O projeto também prevê a submissão ao teto do INSS (R$ 5.531,31) das aposentadorias dos servidores que ingressarem no funcionalismo após a sanção do texto. Quem quiser receber acima desse valor terá de contribuir com a previdência complementar. Atualmente, a União e 12 estados adotam o sistema.

Arte/CB/DA press


Tumulto

Ao emplacar, no início do ano, aliados em todas as comissões da Câmara, o governador Rodrigo Rollemberg (PSB) garantiu que, apesar de eventuais pressões, até os projetos mais polêmicos passariam pelos colegiados sem dificuldades — esses efeitos ficaram evidentes na manhã de ontem. Em pouco mais de duas horas, o projeto que prevê a alteração do regime previdenciário recebeu o aval das Comissões de Economia, Orçamento e Finanças (Ceof); de Assuntos Sociais (CAS); e de Constituição e Justiça (CCJ).

Ainda que sob vaias de servidores públicos e sindicalistas presentes na Casa, o relator da matéria na Ceof e líder do governo no Legislativo local, Agaciel Maia (PR), não titubeou. “Precisamos aprovar o projeto para assegurar a entrada regular e permanente de recursos e, como consequência, a sustentabilidade do próprio regime previdenciário. A proposta de reestruturação também tem efeitos imediatos: afasta a possibilidade do parcelamento de remunerações”, argumentou.

O parlamentar do PR fez referência ao fato de, na semana passada, o governador ter apontado a aprovação do projeto na Câmara Legislativa como uma das saídas para não parcelar os salários de funcionários públicos que recebem mais de R$ 7,5 mil líquidos — o equivalente a 22% do funcionalismo do GDF.
A CAS adotou o mesmo posicionamento. Por unanimidade, os distritais aprovaram o parecer de Luzia de Paula (PSB). “A proposição prevê a criação de uma metodologia capaz de proteger a continuidade da prestação previdenciária aos servidores efetivos do DF”, defendeu a parlamentar.

Última a analisar a proposta, a CCJ apresentou um placar apertado: 3x2. Sob os olhares de integrantes do funcionalismo, Rodrigo Delmasso (Podemos) emitiu parecer favorável à admissibilidade do projeto e foi seguido por Israel Batista (PV) e Júlio Cesar (PRB).

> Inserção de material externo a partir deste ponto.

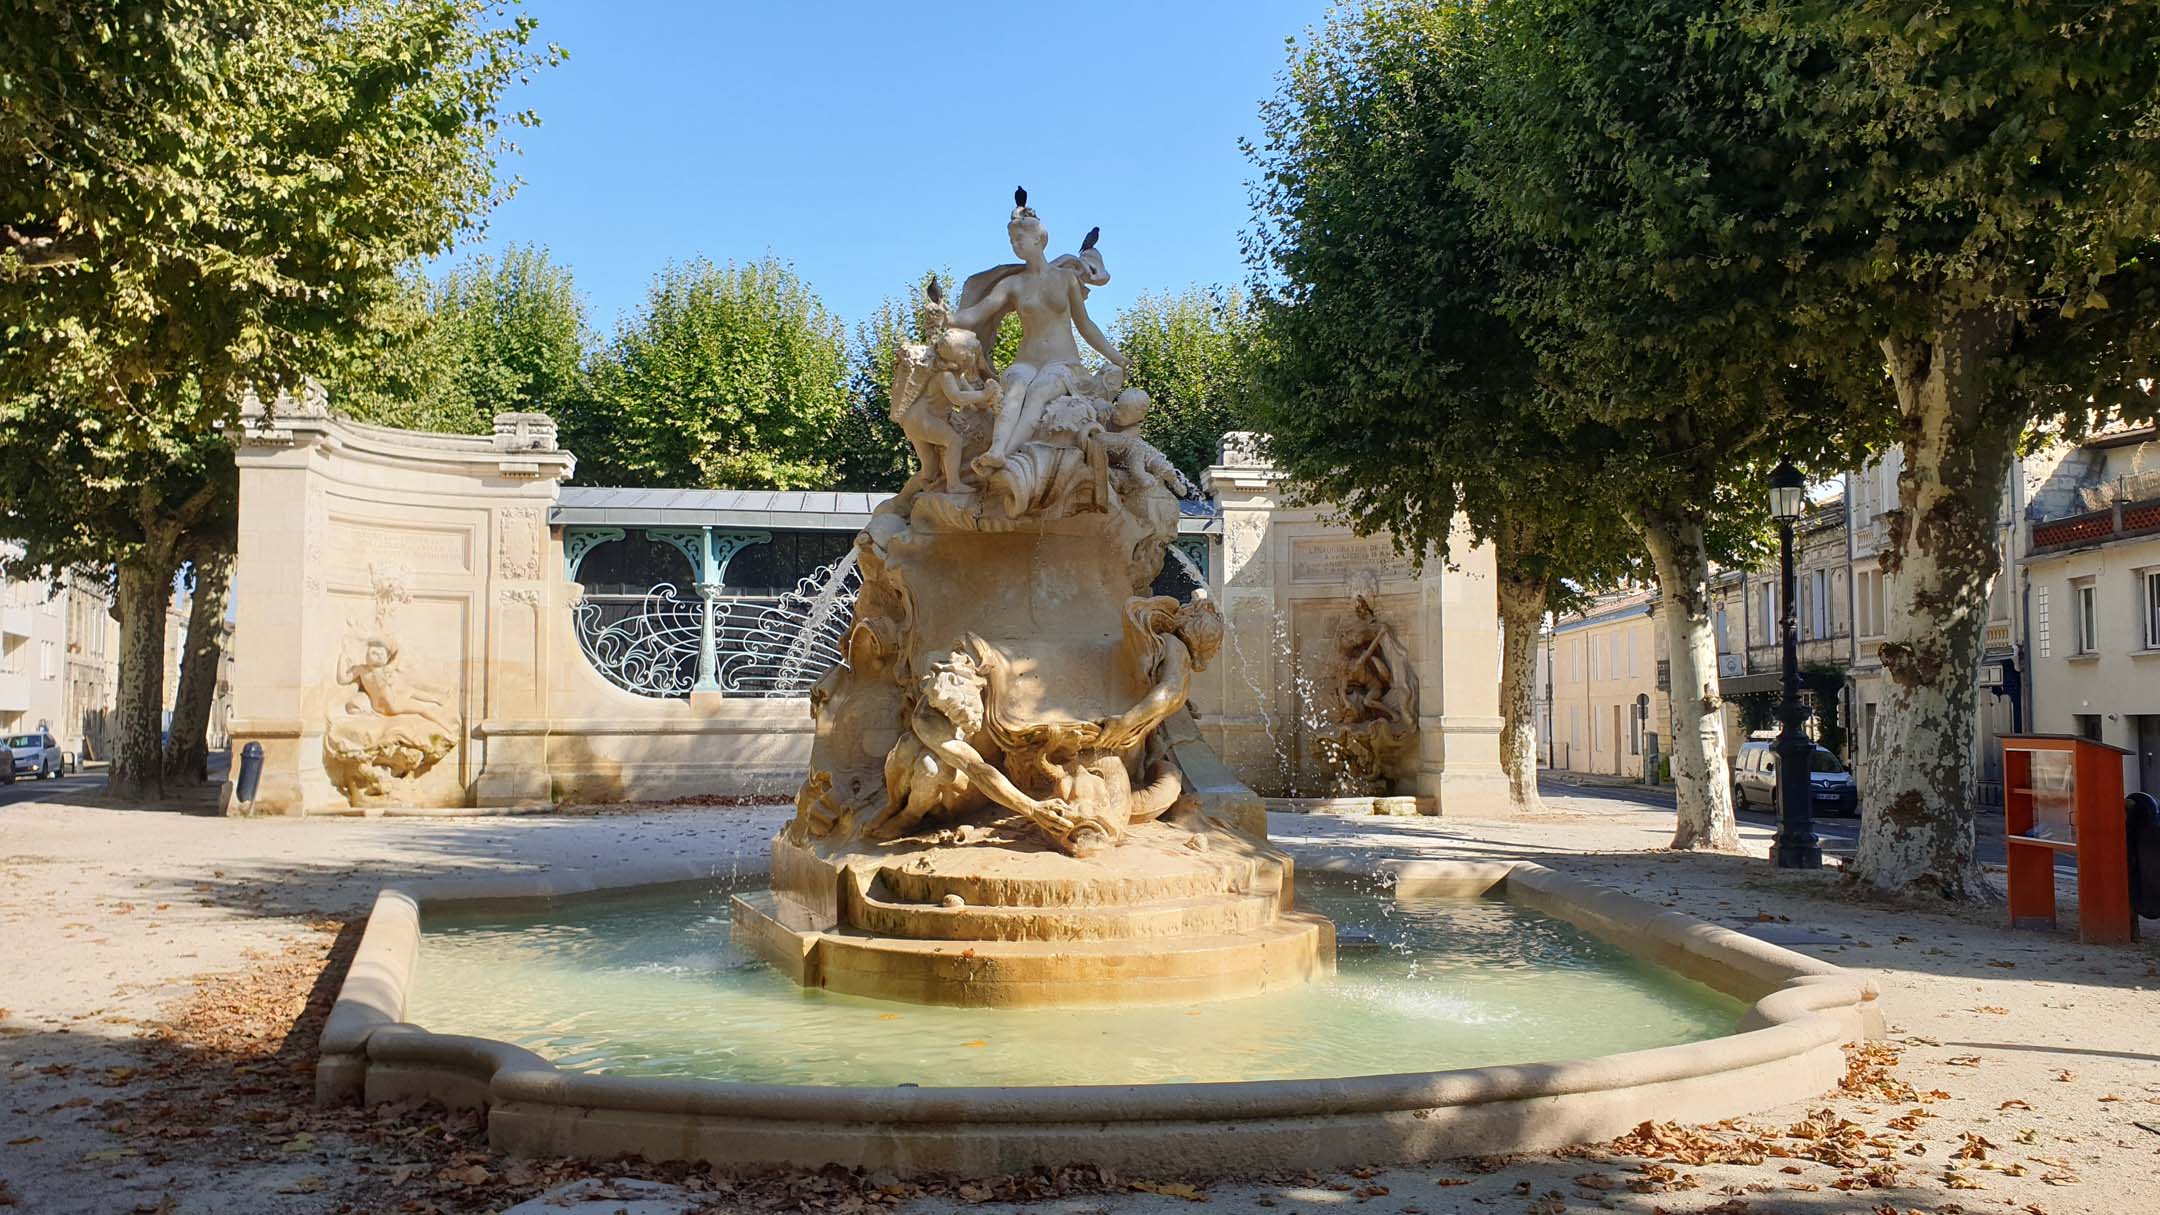 Fontaine Amédée-Larrieu

Votaram de forma contrária os distritais Celina Leão (PPS), da oposição, e Reginaldo Veras (PDT). O pedetista reprovou a reformulação devido à “intempestividade, insegurança jurídica e falta de garantias aos servidores”. Celina alegou que “o governo opta pelo caminho fácil: pegar o recurso que foi poupado pelo servidor”.

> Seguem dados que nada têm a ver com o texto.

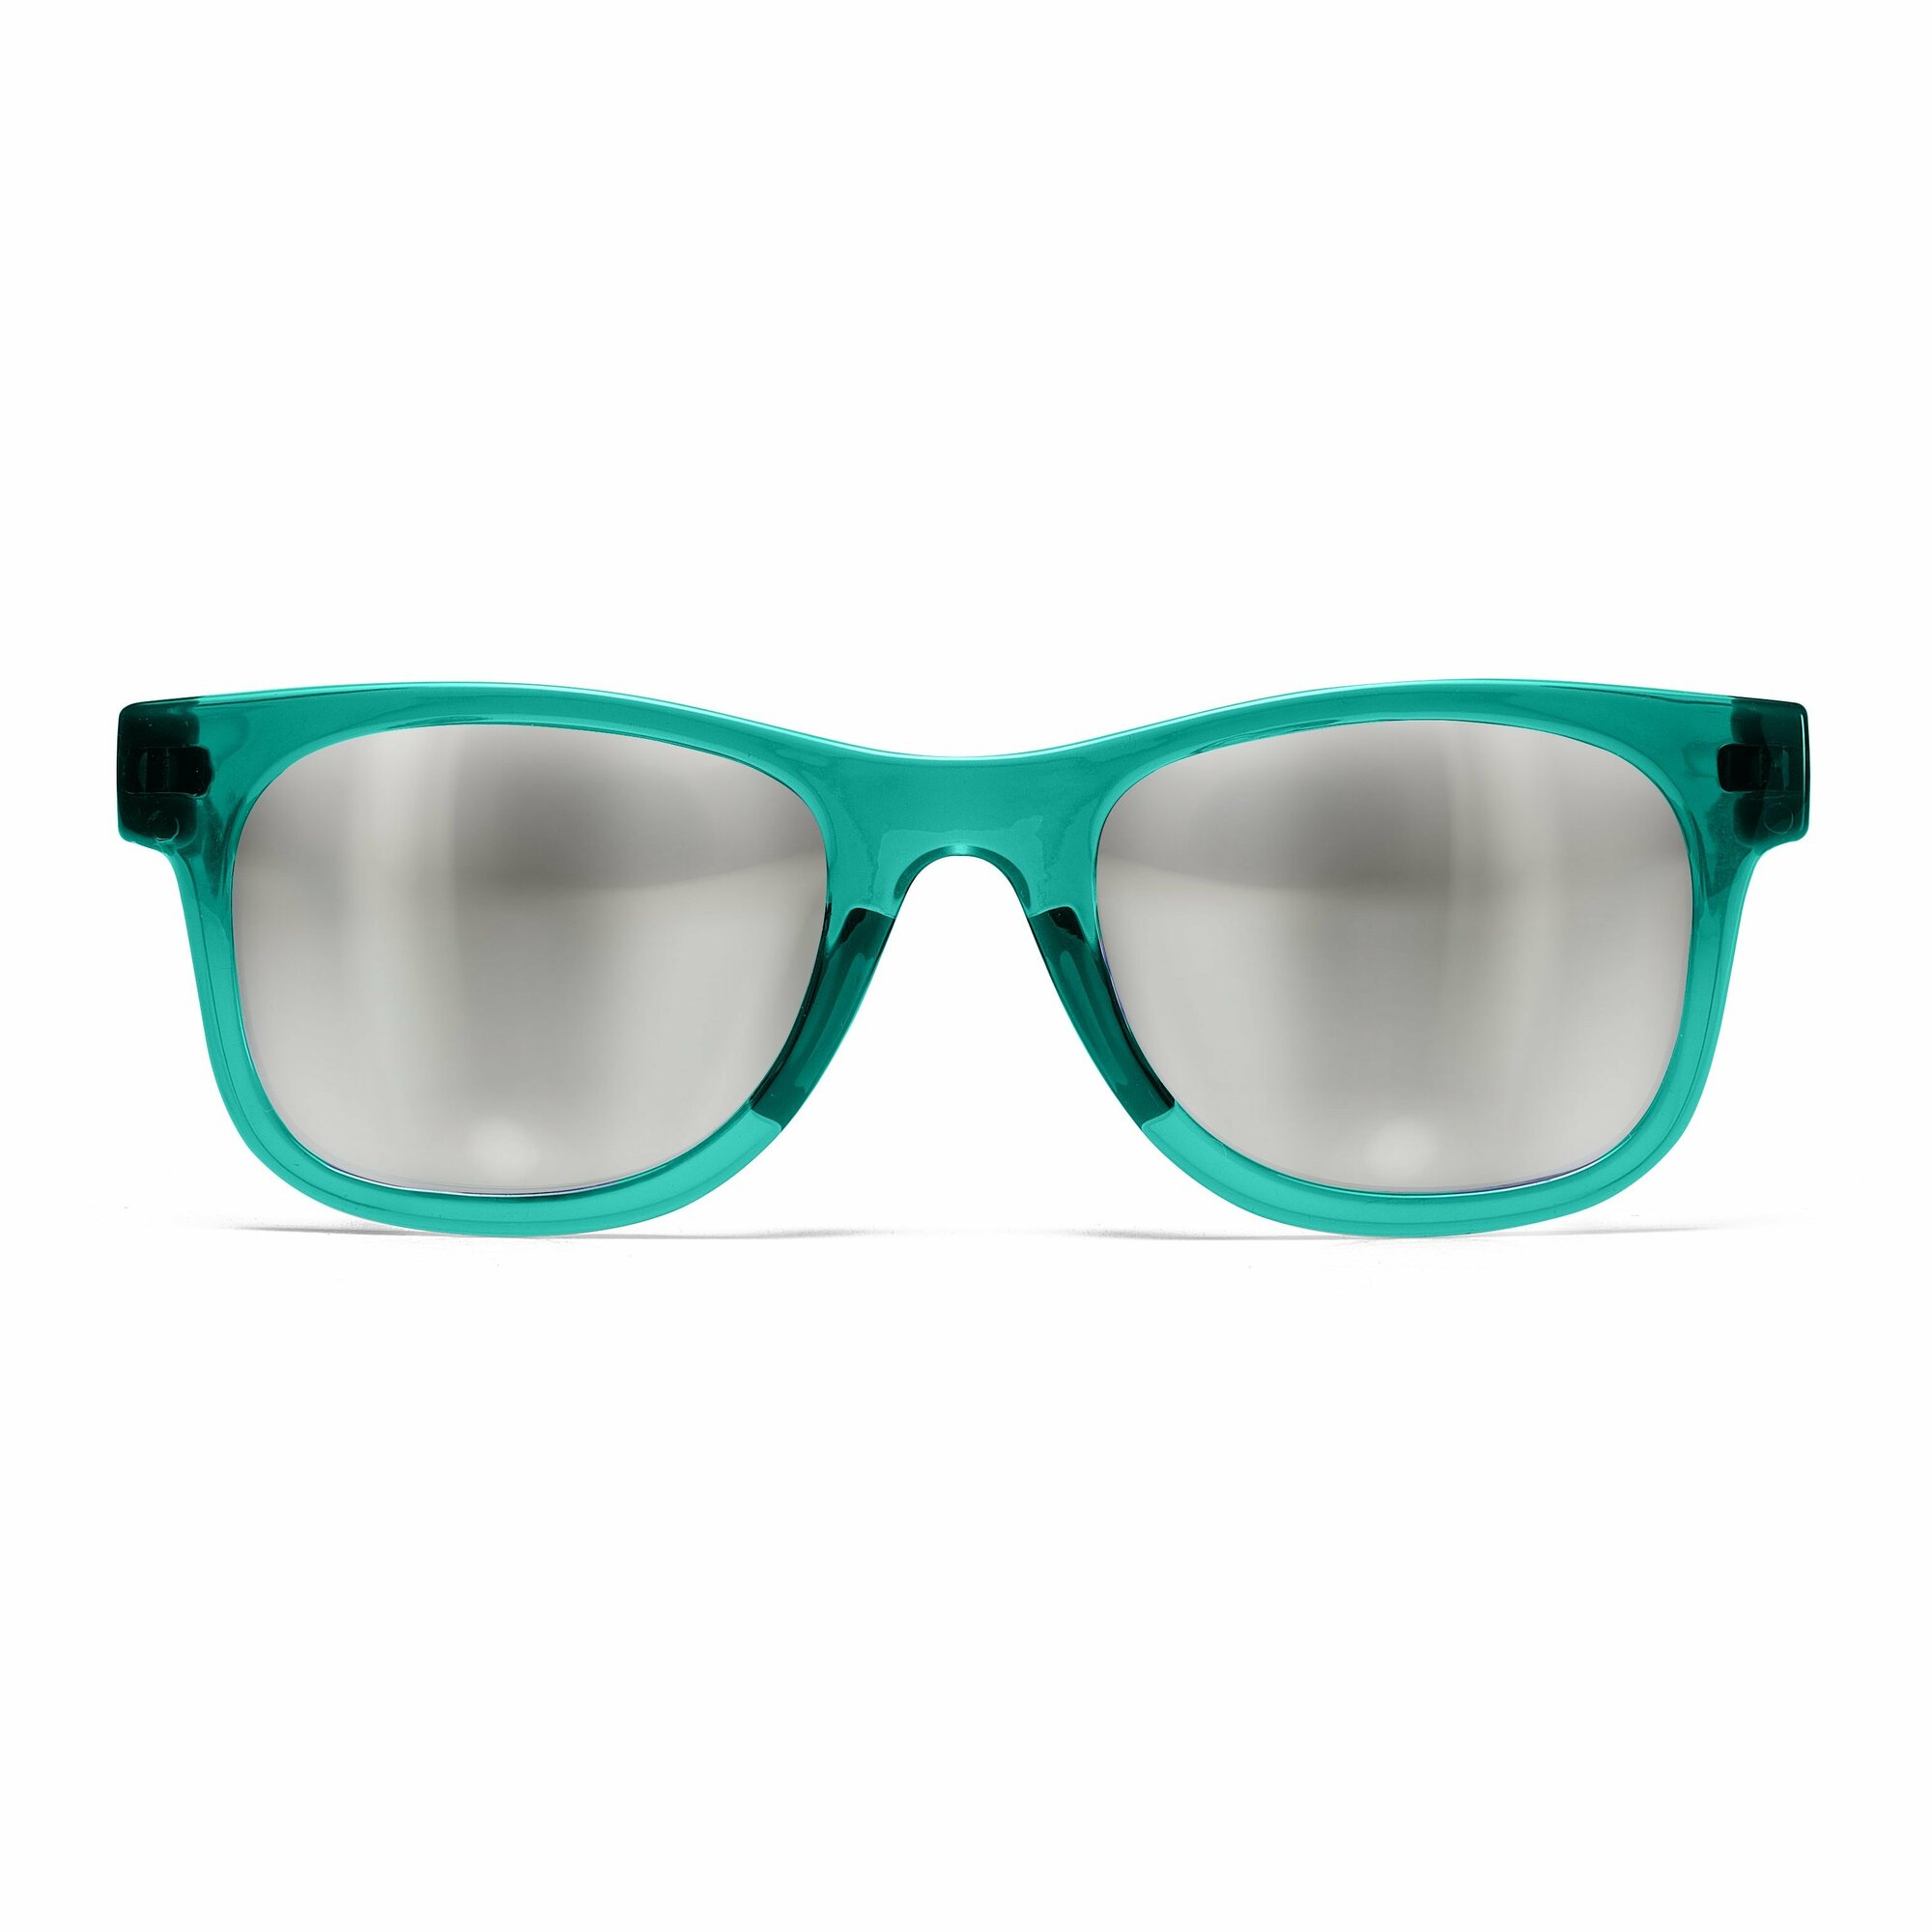 Chicco Slnečné okuliare  MY/21, zelená - transparentná, od 24m+

Conforme acordo do colégio de líderes, a proposição deve ir a plenário na próxima terça-feira. Para a aprovação são necessários, pelo menos, 13 votos favoráveis (maioria absoluta), em dois turnos.

Celeridade

Para o presidente do Sindicato dos Servidores da Administração Direta (Sindireta), o projeto passou pelas comissões de forma “atropelada”. “Certas votações aconteceram em menos de 10 minutos. Por que a pressa? Trata-se de um projeto que mudará a vida de milhares de pessoas. Deve haver um diálogo maior”, 
protestou.

A bancada petista também mostrou-se desfavorável à análise das três comissões em apenas uma manhã. Por isso, o distrital Wasny de Roure (PT) protocolou uma indicação para que o GDF retire a urgência do projeto de lei complementar que visa alterar o regime previdenciário dos servidores do DF. O governo, contudo, pontua que a proposta “atende aos princípios da solidariedade, do equilíbrio financeiro e racionalidade”.